## Work request:
Your job is to retype all of the data word for word, leaving every image out.

## Recorded data:
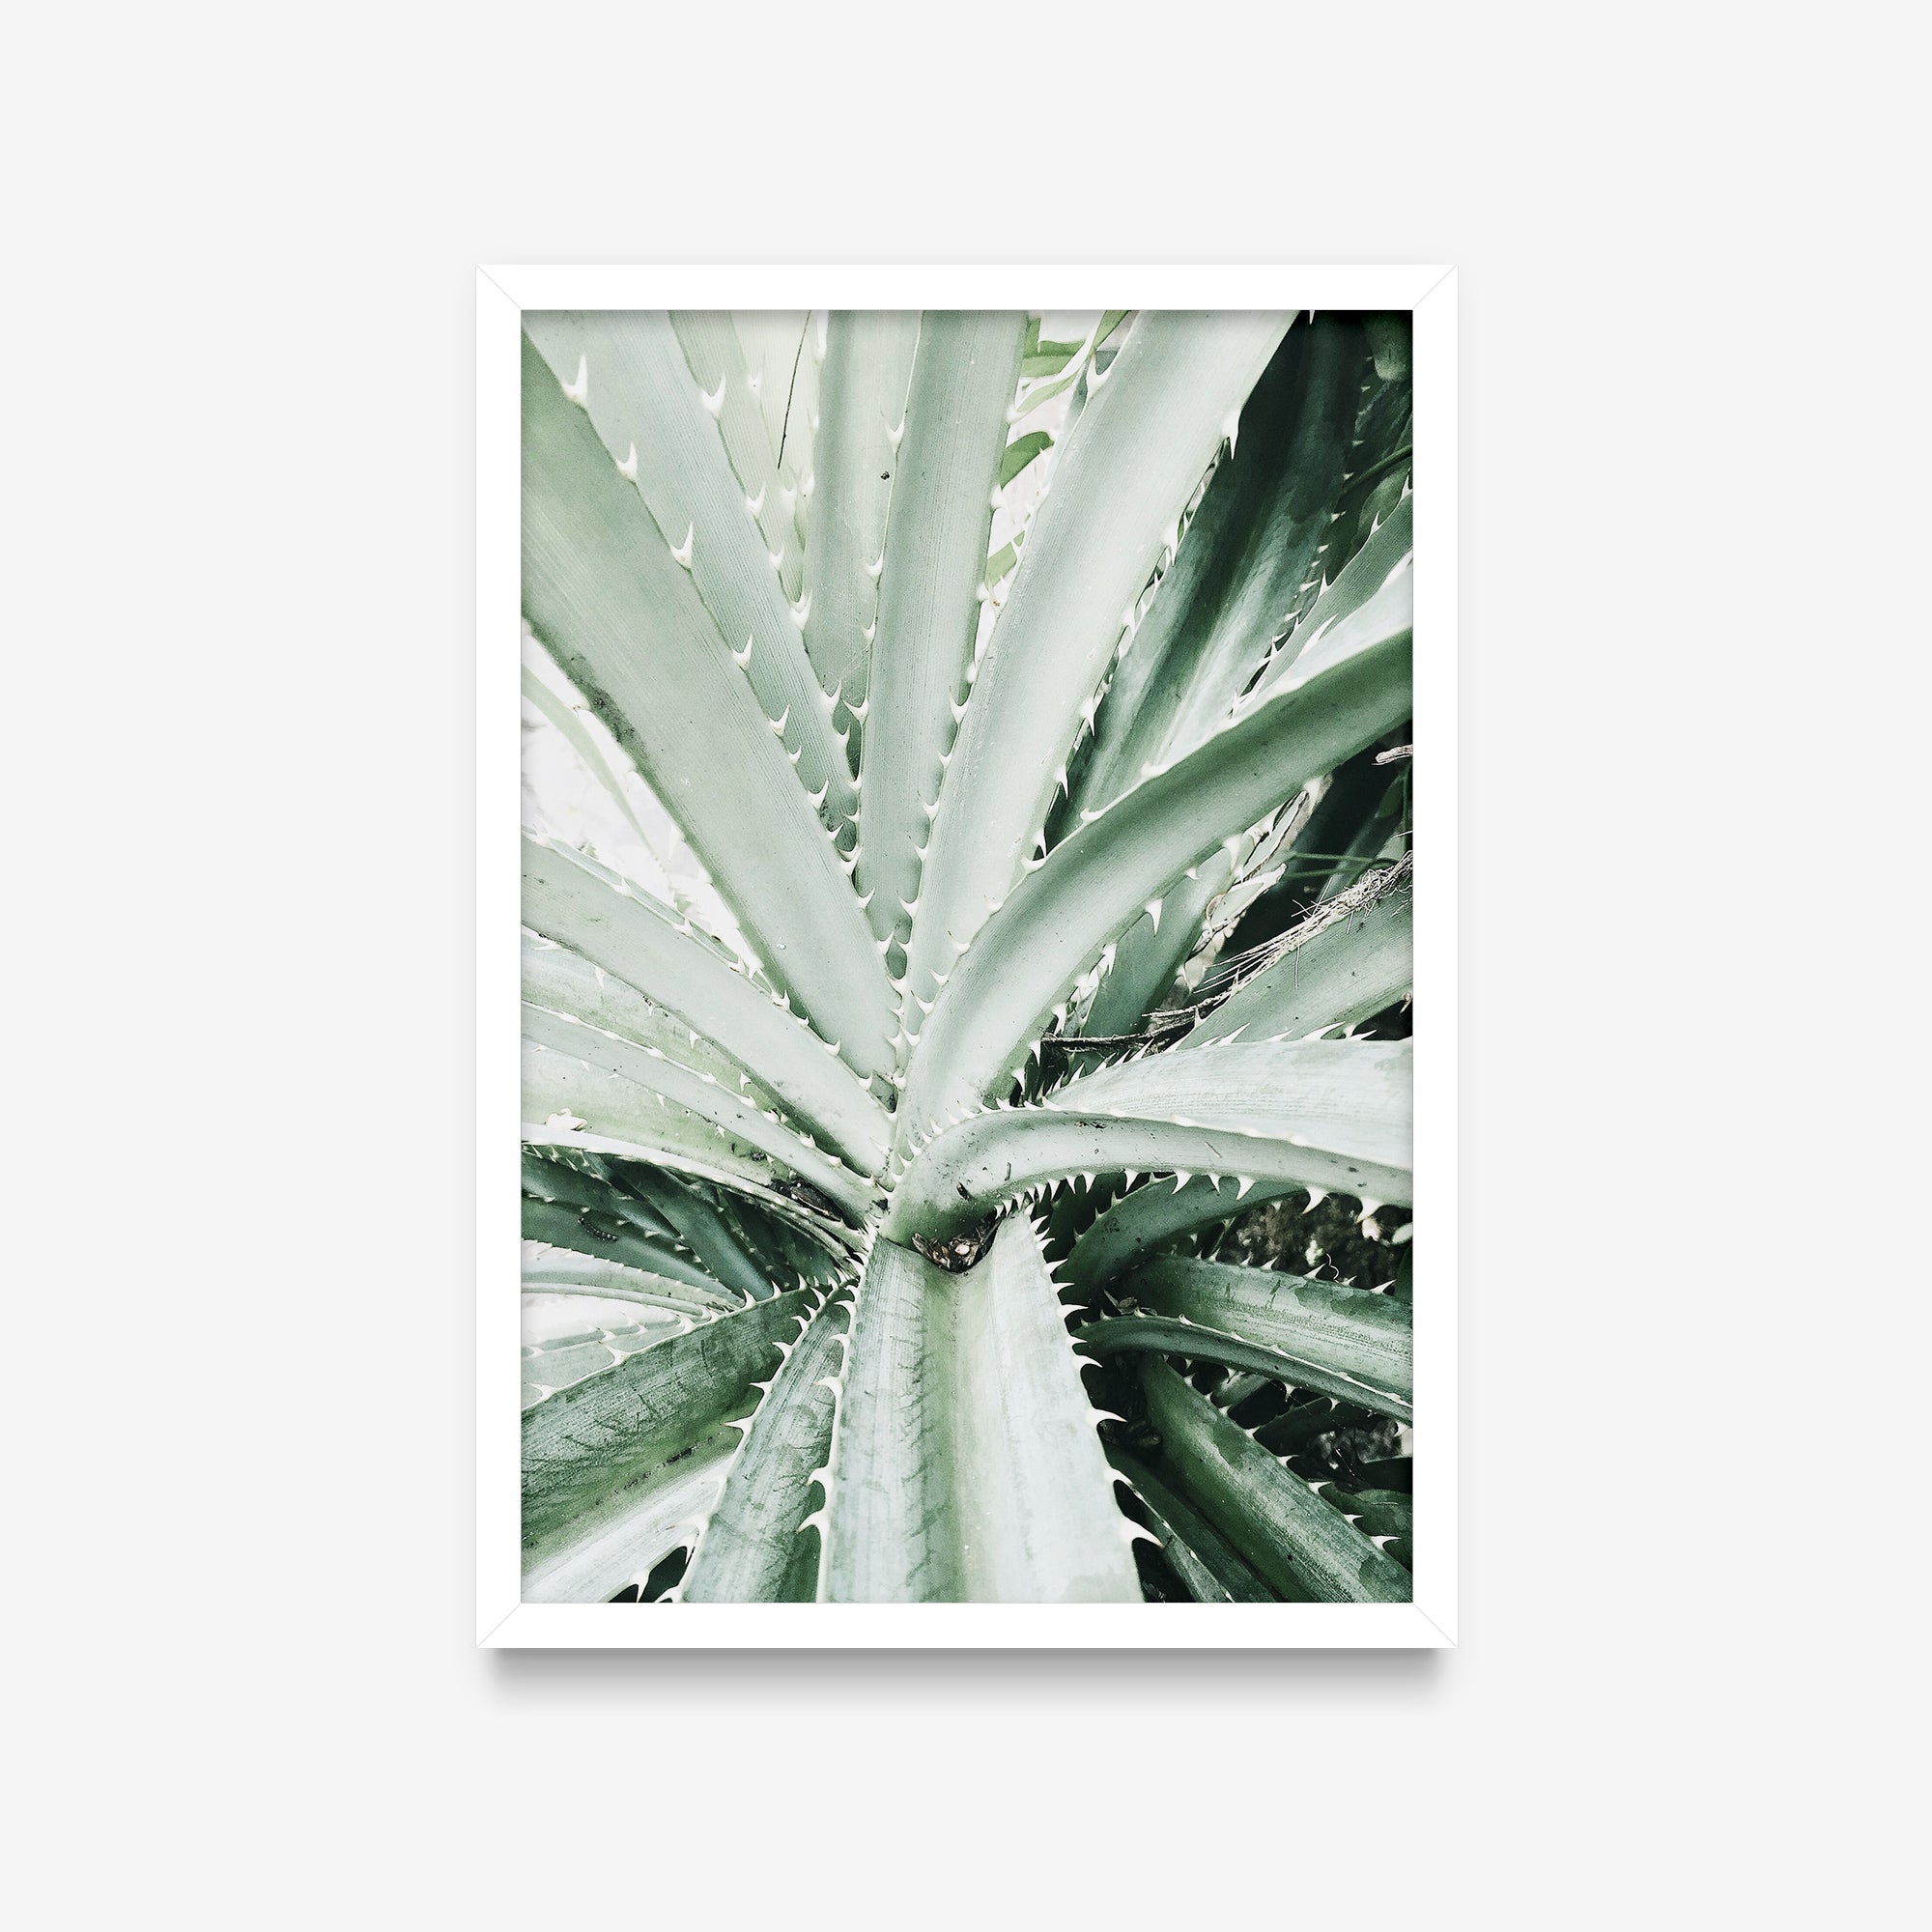 Plantas - Aloe detalhe
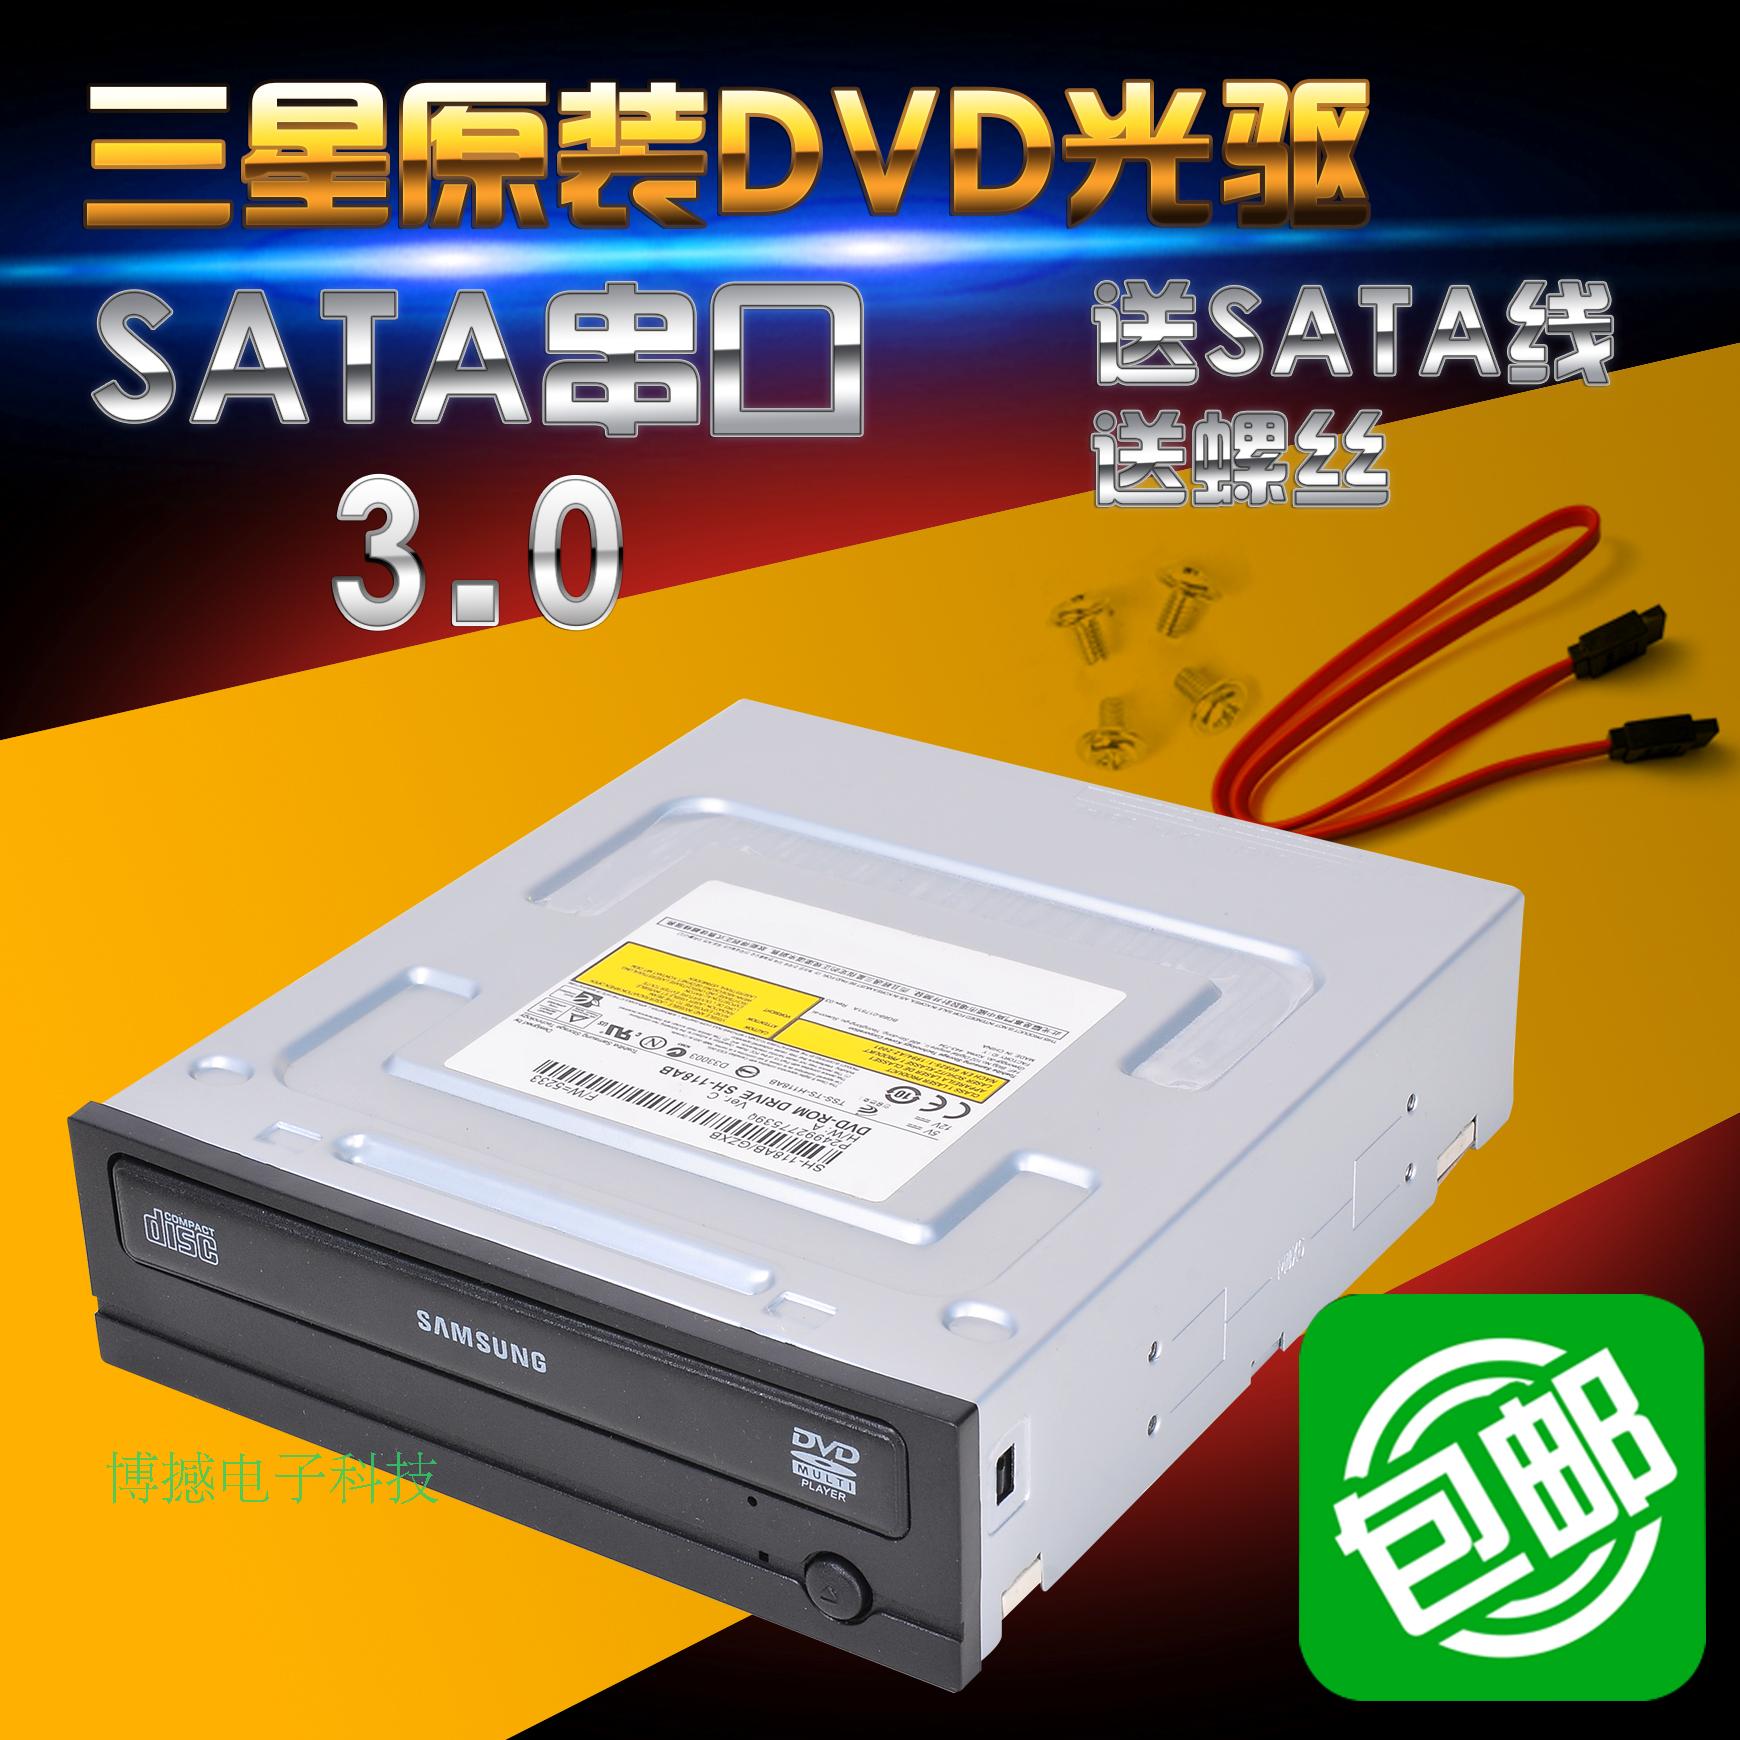 包邮 三星SATA串口DVD-ROM光驱 电脑台式机内置SATS串口DVD光驱
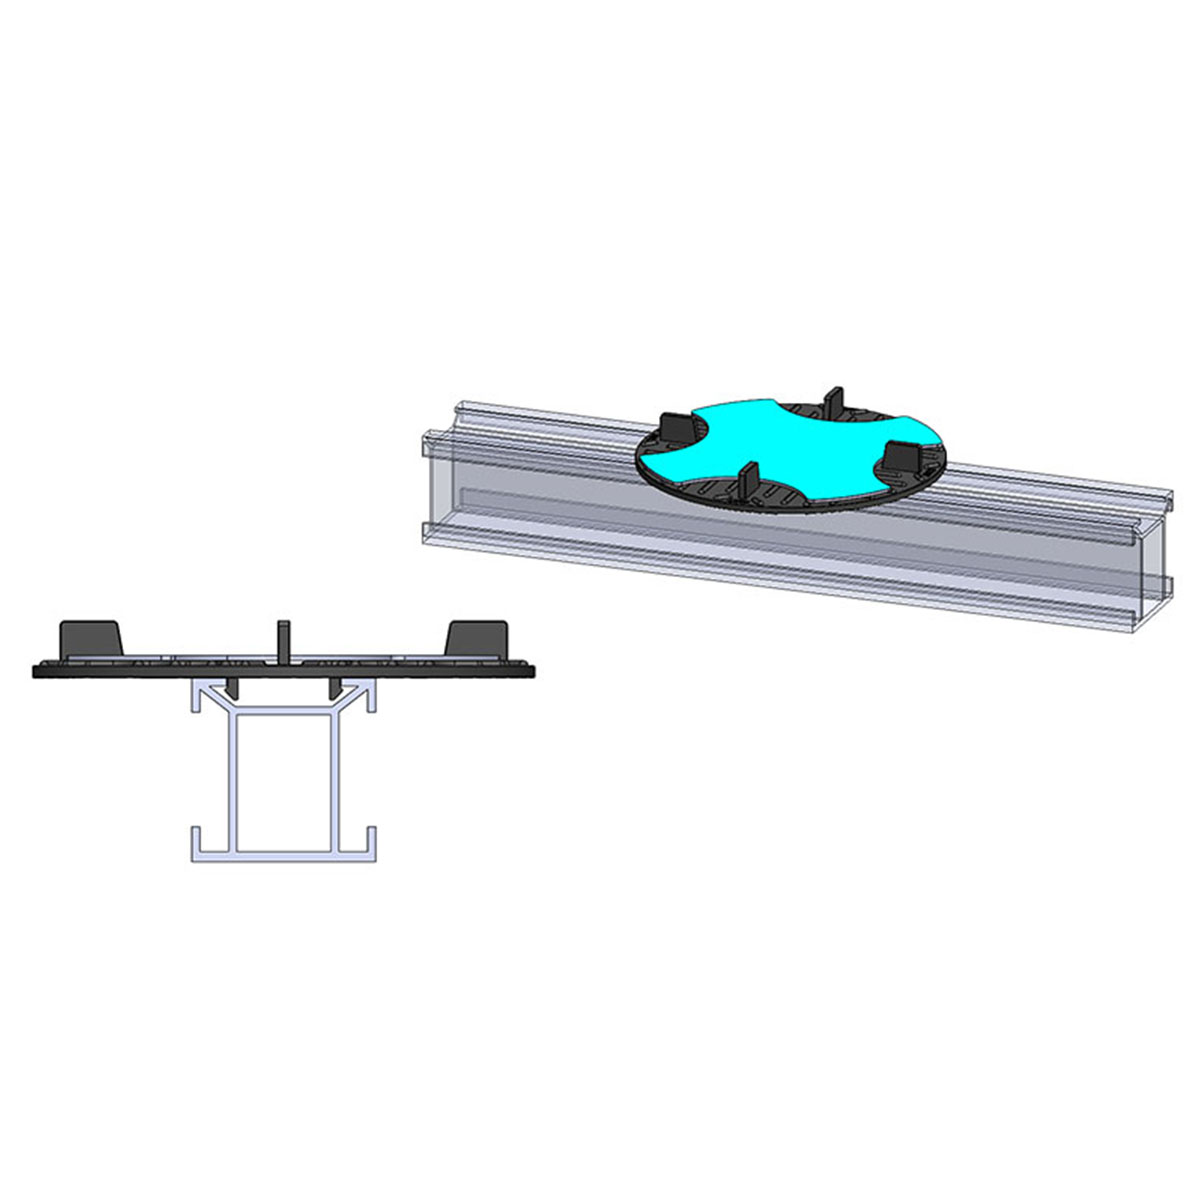 SOLIDOR Aufsatzmodul Click Top für QWICKBUILD Montageleisten inkl. Sticksol und mit 3 mm Fuge für Terrassenplatten

## Your solution:
 Plantas - Aloe detalhe
 包邮 三星SATA串口DVD-ROM光驱 电脑台式机内置SATS串口DVD光驱
 SOLIDOR Aufsatzmodul Click Top für QWICKBUILD Montageleisten inkl. Sticksol und mit 3 mm Fuge für Terrassenplatten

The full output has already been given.